In fact, one of the major works on the program is J.S. Bach’s Trio Sonata No. 3 in D minor, BWV 527 for organ.

“There is a duo in Europe we heard doing one of the trio sonatas, a German accordionist and Italian harpsichordist,” Jeremiah said. “It was a wonderful duo. They may have been the first accordion and (keyboard) duo to do that, and I believe we may be the second.”

The organ trio sonatas have been performed in many different arrangements, including by traditional mandolinist Chris Thiele and bassist Edgar Meyer.

“They’re amazingly beautiful pieces of music,” Jeremiah said. “It works really well for us because we can use the four voices of the two instruments in different ways.”

For Jeremiah, playing classical music on accordion was something new.

“My background is not the same as Annemieke,” Jeremiah said. “For example, in the Bach, some of the detail work, we have to go to her training.”

But classical accordion is unusual only to American ears.

“When I studied piano, in the piano department, there were also classes for the classical accordion,” Annemieke said. “In the conservatory, keyboards were organ, accordion, piano.”

“We try to learn from each other, which is a good thing,” she said.

Jeremiah found middle ground musically with one of the first pieces they played together, the “Suite française” by 20th century French composer Francis Poulenc.

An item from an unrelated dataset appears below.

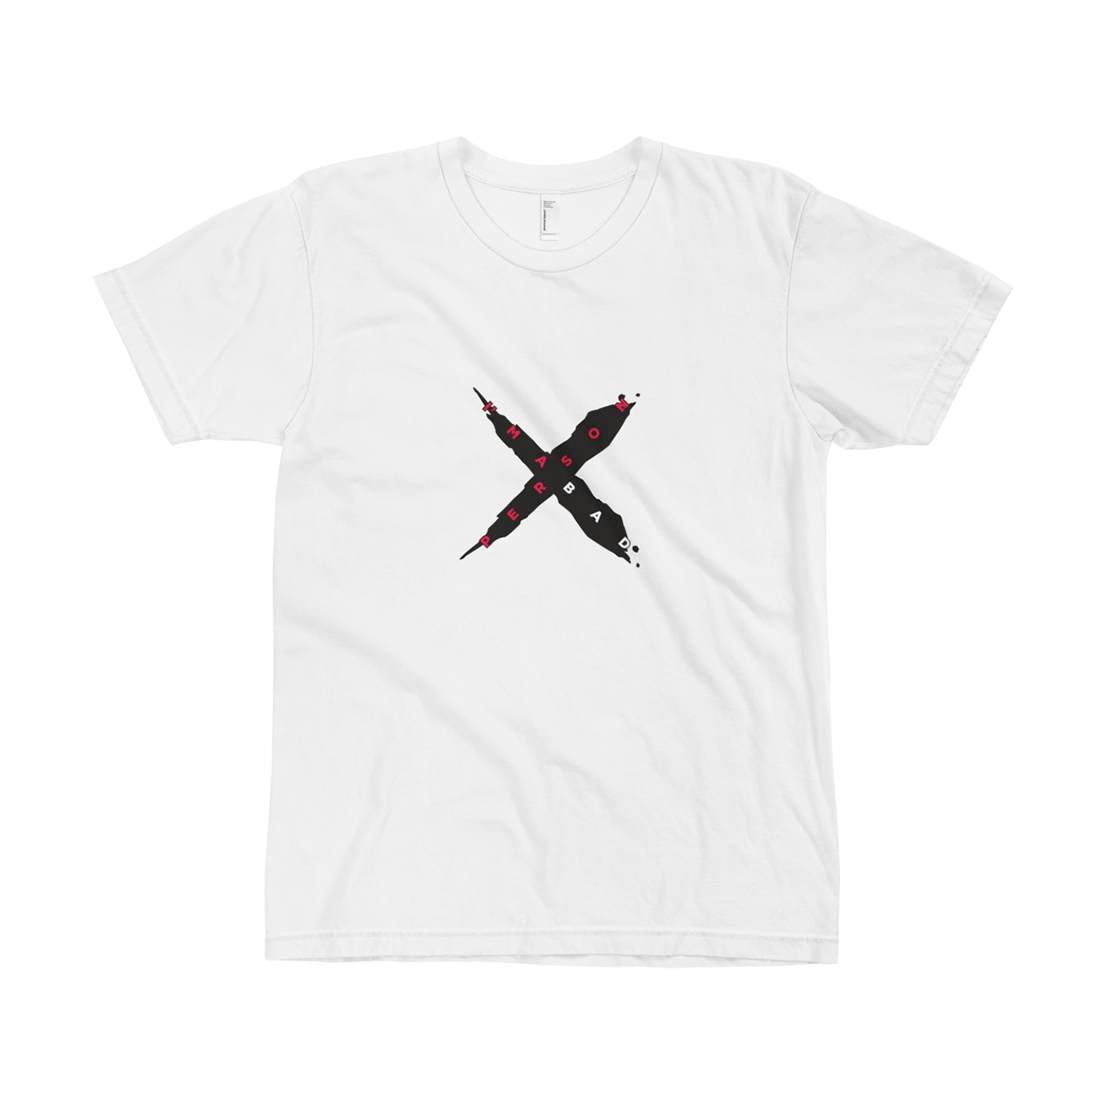 XanMan Bad Person X T-Shirt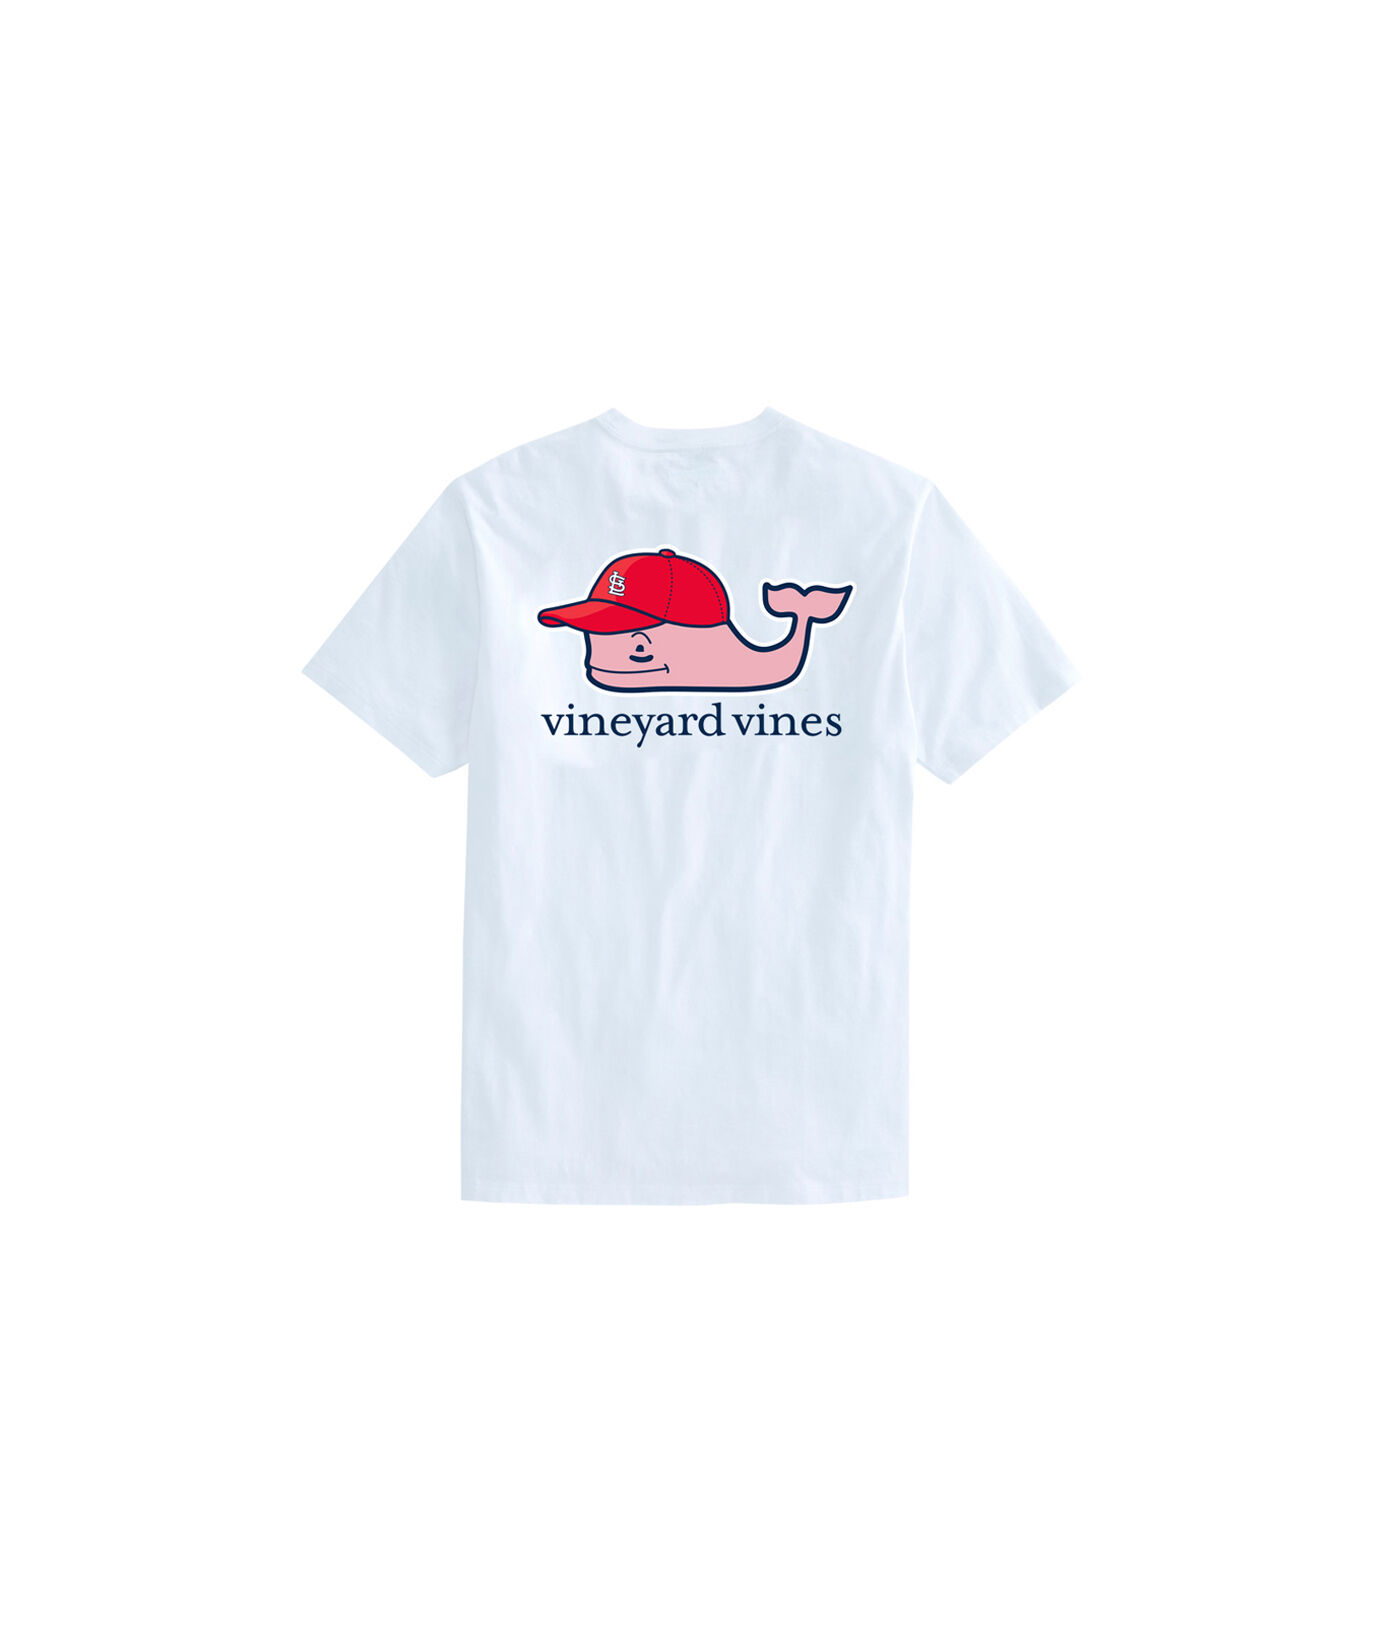 cardinals shirts

“There’s a lot of music in there that I recognized from my traditional playing of French music,” Jeremiah said. “There are classical composers who borrow so heavily from traditional music.”

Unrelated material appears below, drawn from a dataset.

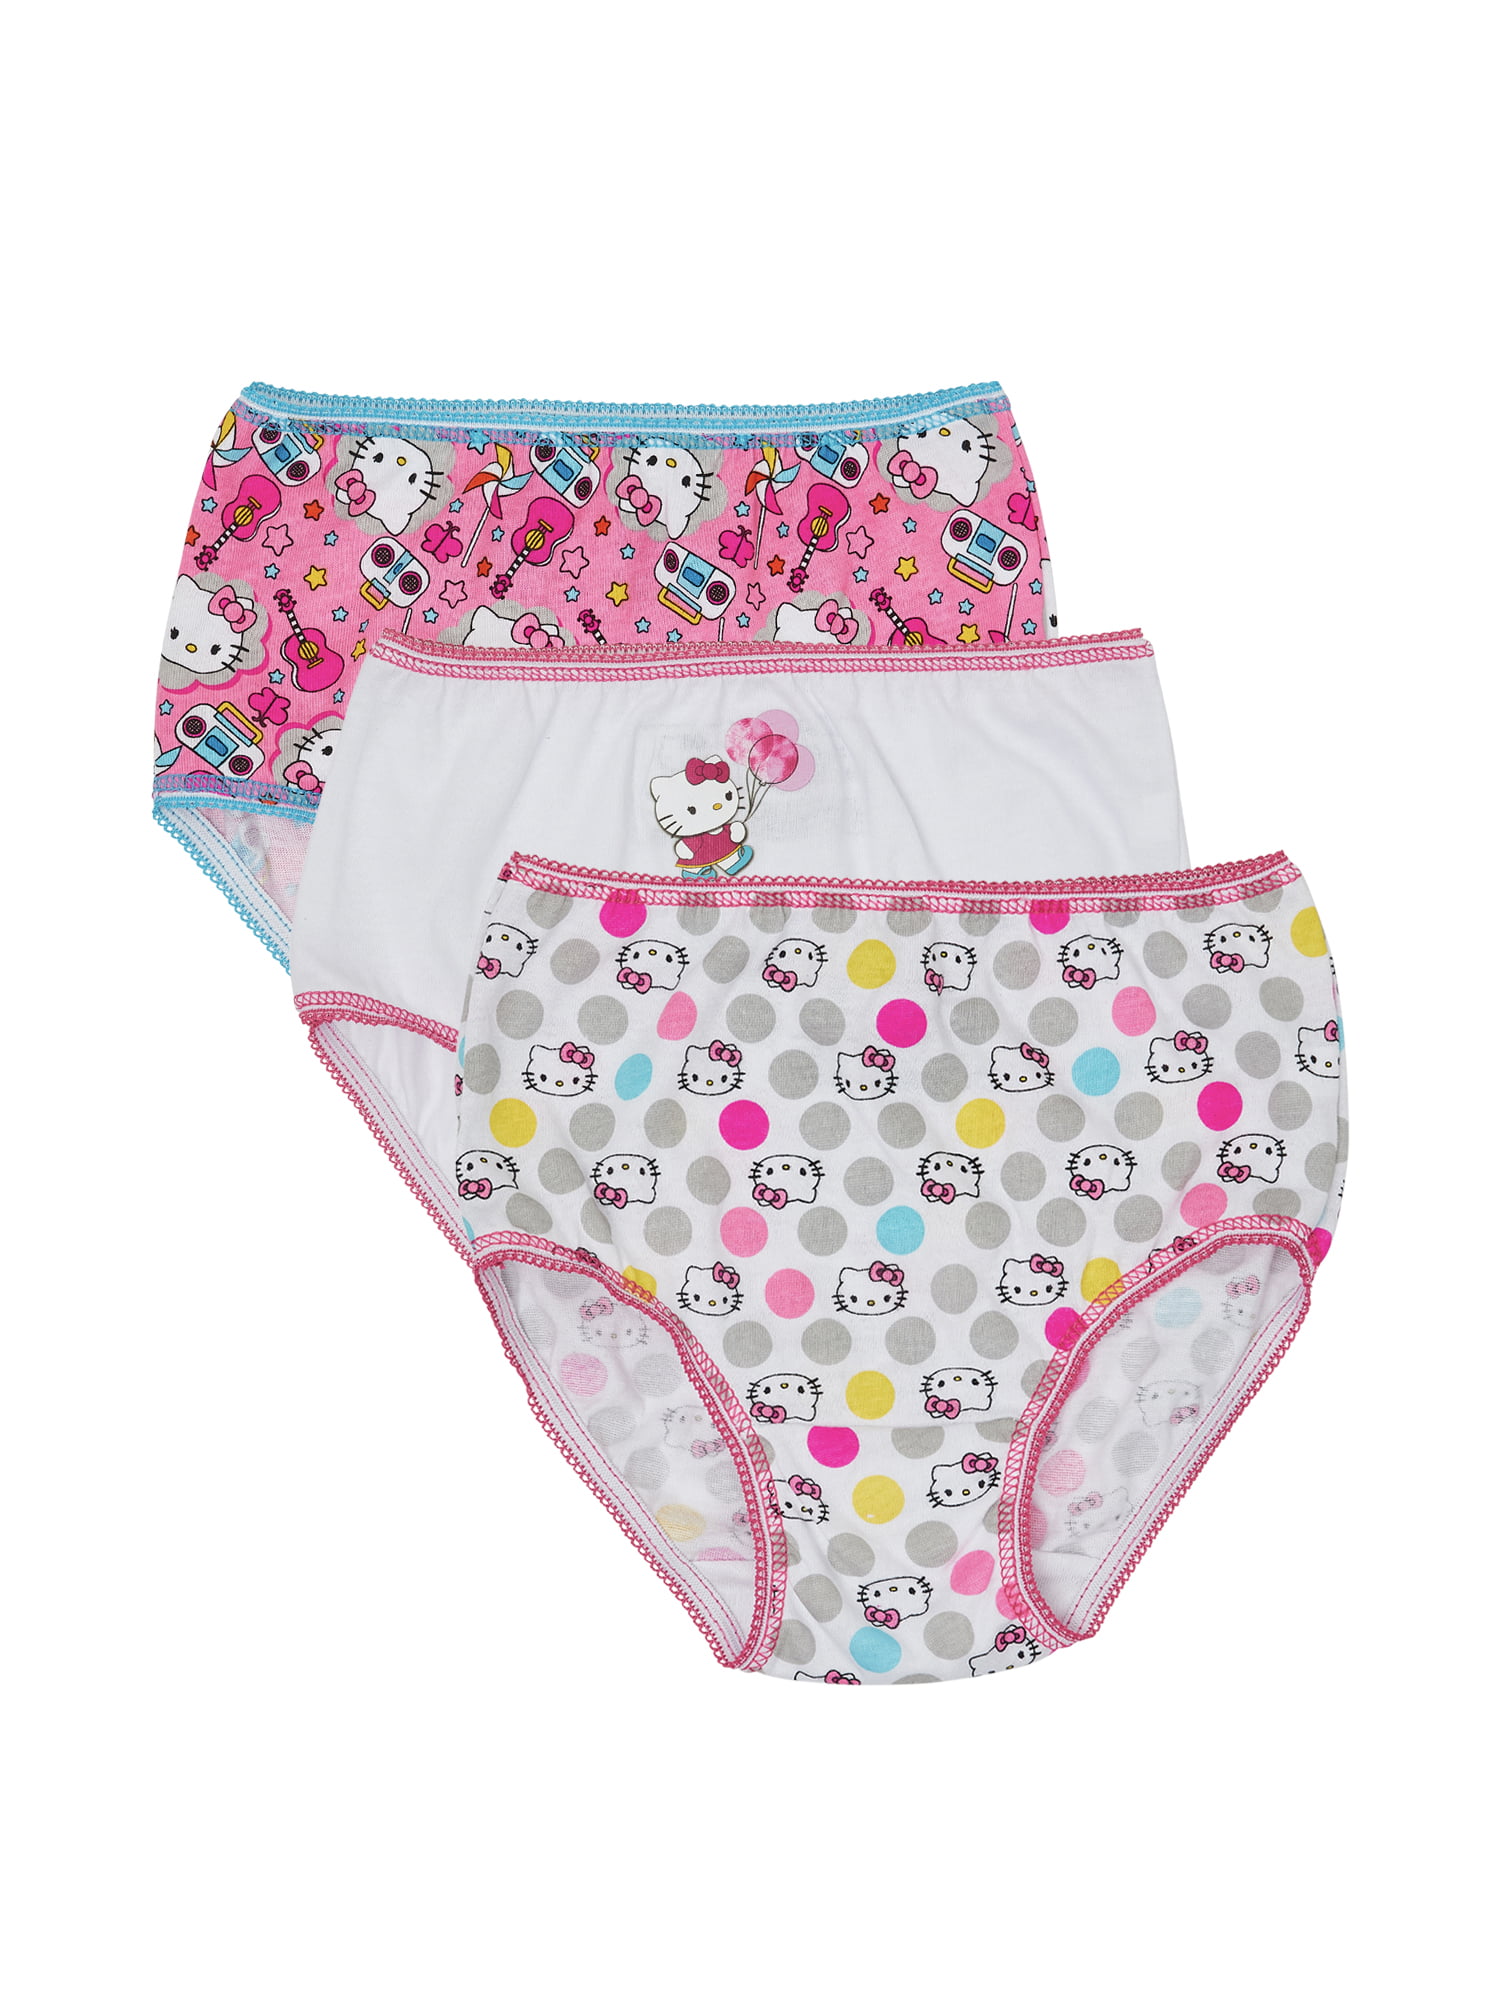  Hello  Kitty  Hello  Kitty  Underwear Panties  3 Pack

Their arrangement of Edvard Grieg’s familiar “Holberg Suite,” Op. 40 is certainly unique to them.

“We decided that the first movement sounds so great on solo piano,” Annemieke said. “And in the next movement we add the accordion very simply by playing each of the voices on each of the repeats. The third movement is very different, and the last movement the accordion becomes more improvisational. So in each movement we use different effects.”

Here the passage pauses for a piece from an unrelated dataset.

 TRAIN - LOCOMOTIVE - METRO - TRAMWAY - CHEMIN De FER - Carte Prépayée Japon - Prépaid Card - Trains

The program also includes Astor Piazzola’s famous “Oblivion” and Jeremiah’s own “Luke Suite.”

“Some of it was influenced by a French composer who was a bagpiper in the court of Louis XIV,” Jeremiah said.

Despite the devastating fire, the two are determined to go on with the concert.

“It’s such a healing thing to play music,” Jeremiah said. “There’s no question for us that we want to do it.”

“And, of course, to support Peter and the festival,” Annemieke said. “We want to make sure the festival keeps going.”